Lastly, after completing the gridding process, we performed zero mean and unit variance normalization. The values of each channel were obtained by subtracting the channel mean and dividing by the channel standard deviation. Finally, we split the normalized tiles into sets of training (70%), validation (10%), and test data (20%), respectively.
For the training data, we performed a patching process with a sliding window for each tile. We used a patch size of 224 × 224 pixels and a 168-pixel (3/4) step size. For all of the boundary patches that were smaller than the patch size, we shifted the origin of the boundary patches back and/or up so that the patches all have the size of 224 × 224 pixels. The reason for choosing a patch size of 224 × 224 is that this is the most commonly applied crop size for both the VGGnet and the ResNet architecture [
19]. This choice simplifies the benchmarking process, because the other deep learning architectures that we have explored in our study were designed for the 224 × 224 patch size.

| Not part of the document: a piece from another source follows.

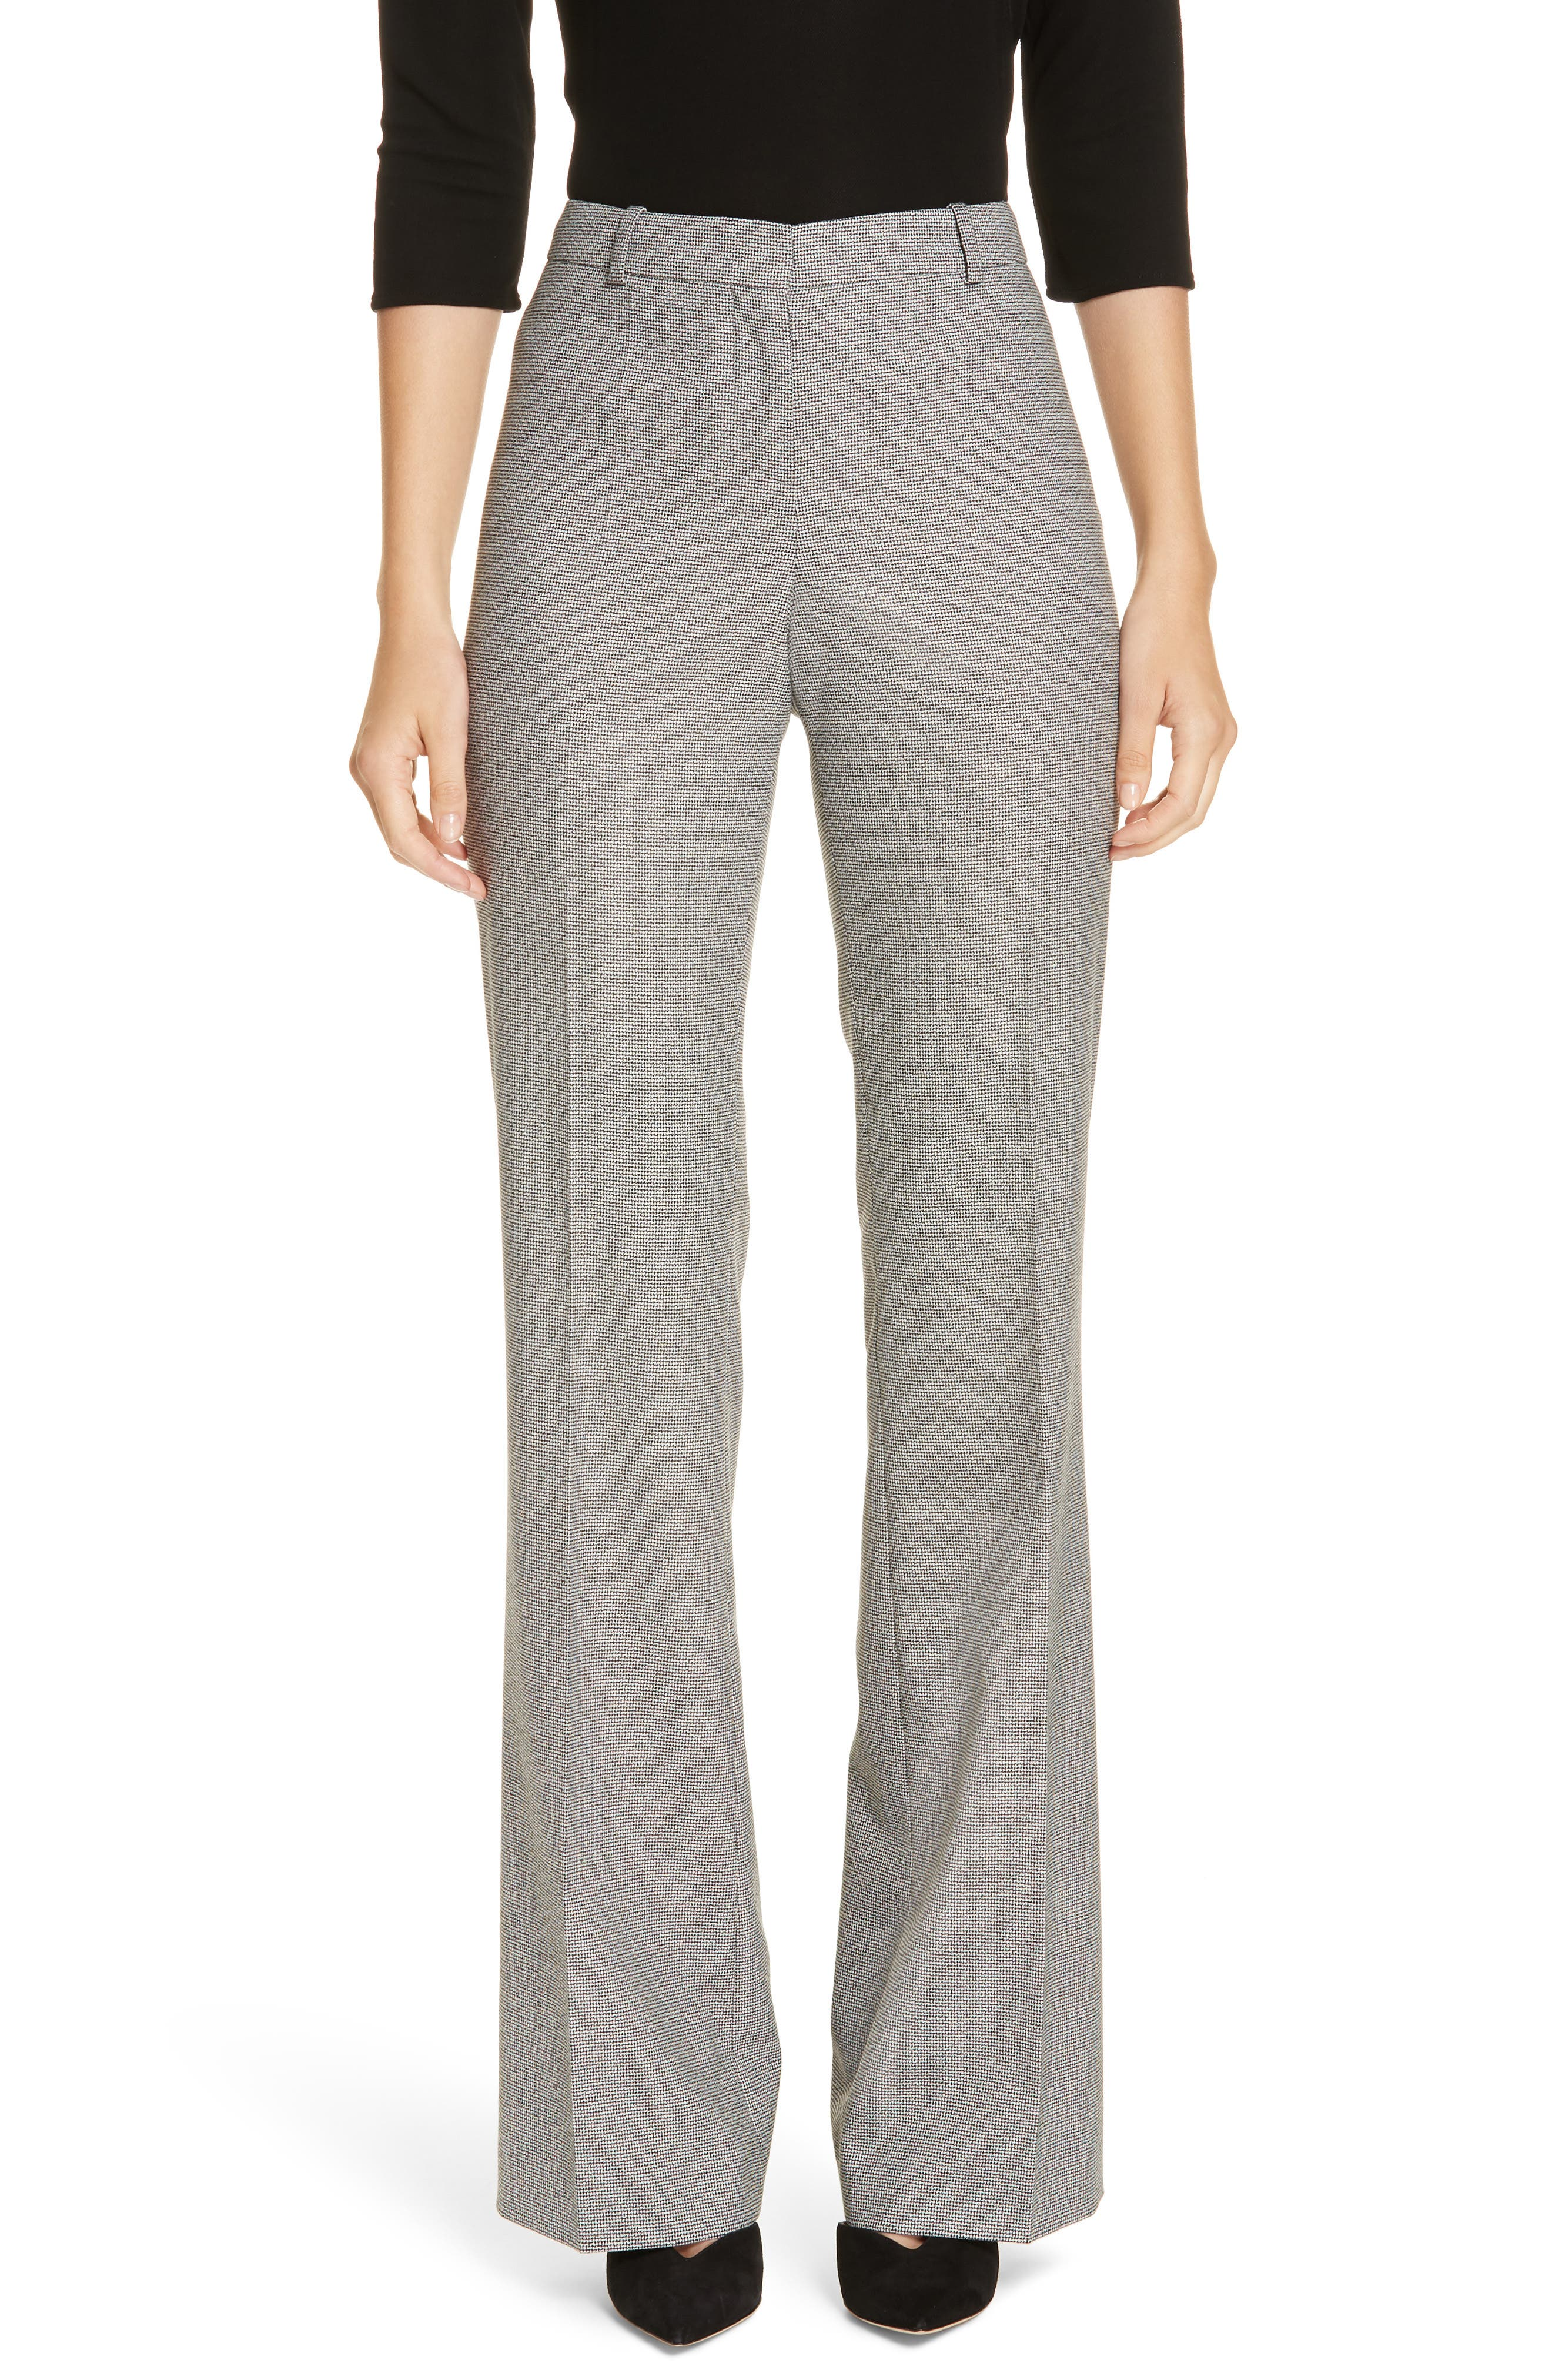 Tulea Blurred Optic Wool Suiting Trousers,                         Main,                         color, BLACK FANTASY

The resulting preprocessed dataset is a set of overlapping patches, where the pairwise overlap of horizontally and vertically neighboring patches is 1/4 (25%). The overlap contributes to reducing the impact of disturbing boundary effects in the resulting classifiers.
The successful training of a deep learning architecture requires access to a large number of training samples. Therefore, the final part of the preprocessing procedure is the data augmentation step. With image data, the data augmentation process is completed by generating additional data through flipping and rotating the original images. For each of the patches described above, we did a 90° clockwise rotation and up–down and left–right flipping. This process increases the dataset by 300%, and at the end of the preprocessing pipeline, we obtained a total of 57,036 patches that were available for the training process.

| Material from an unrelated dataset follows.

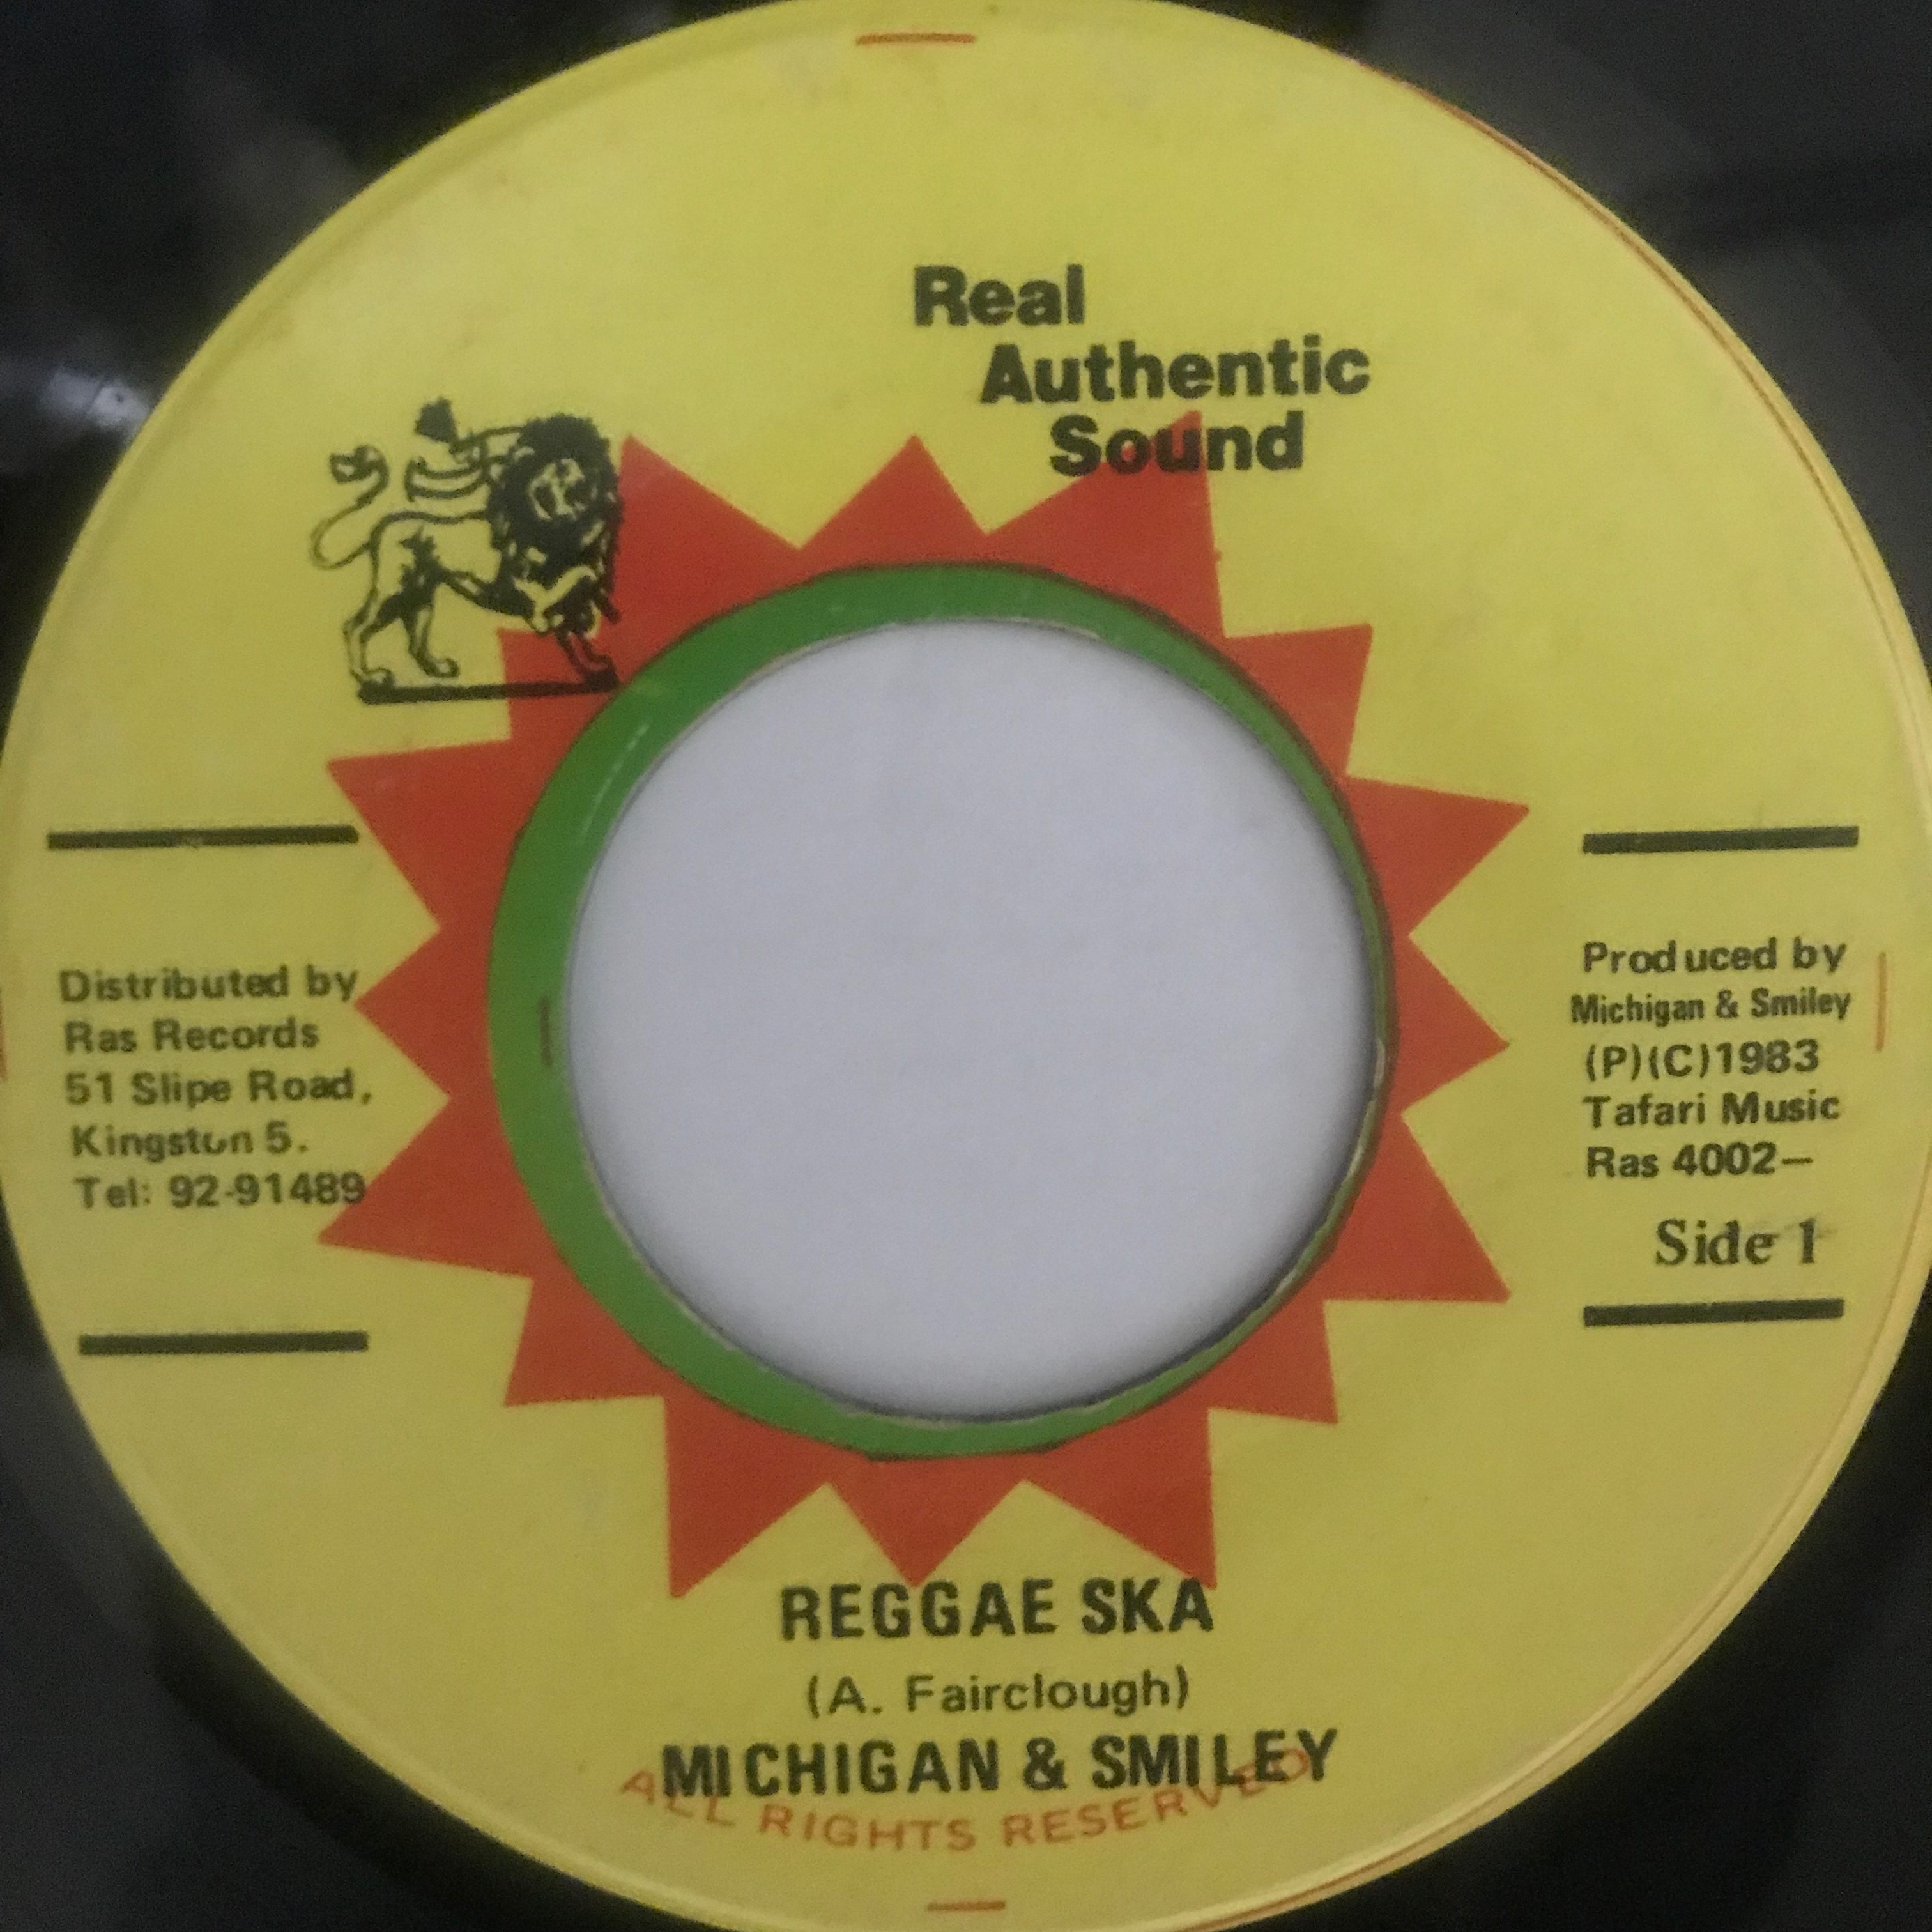 Michigan & Smiley - Reggae Ska【7-10775】

It should be noted that for the validation and test data, we omitted the sliding window and data augmentation parts. Most of the architectures can process images of any size; therefore, the validation and test accuracies were calculated by using the original LiDAR gridding (600 × 800 pixels) to simplify the inference process. We used the validation data for selecting the “best model” for each architecture, and the test data to calculate the final accuracies of the selected models.
The implementations for all of our experiments were based on the TensorFlow library [
41] for deep learning developed by Google. The deep learning architectures were trained for at least 50 epochs with an ongoing updating of the classification accuracies on a desktop computer using 11GB GeForce GTX 1080 Ti graphics cards. The full setup for our training process of the various architectures took several weeks. However, the final and best model was trained to the reported performance in only two days.
4. The Research Process (Modeling Workflow)
The workflow of our research process was as follows. First, we carried out a number of experiments by training several well-known deep learning architectures for semantic segmentation with our data. The purpose of these experiments was to identify the baseline level of classification performance, and generate the required experiences to propose some of the potentially useful alternative architectures for later benchmarking. It should be noted that the initial experiments only included image-based (RGB) features, since architectures designed for using LiDAR data are hardly available.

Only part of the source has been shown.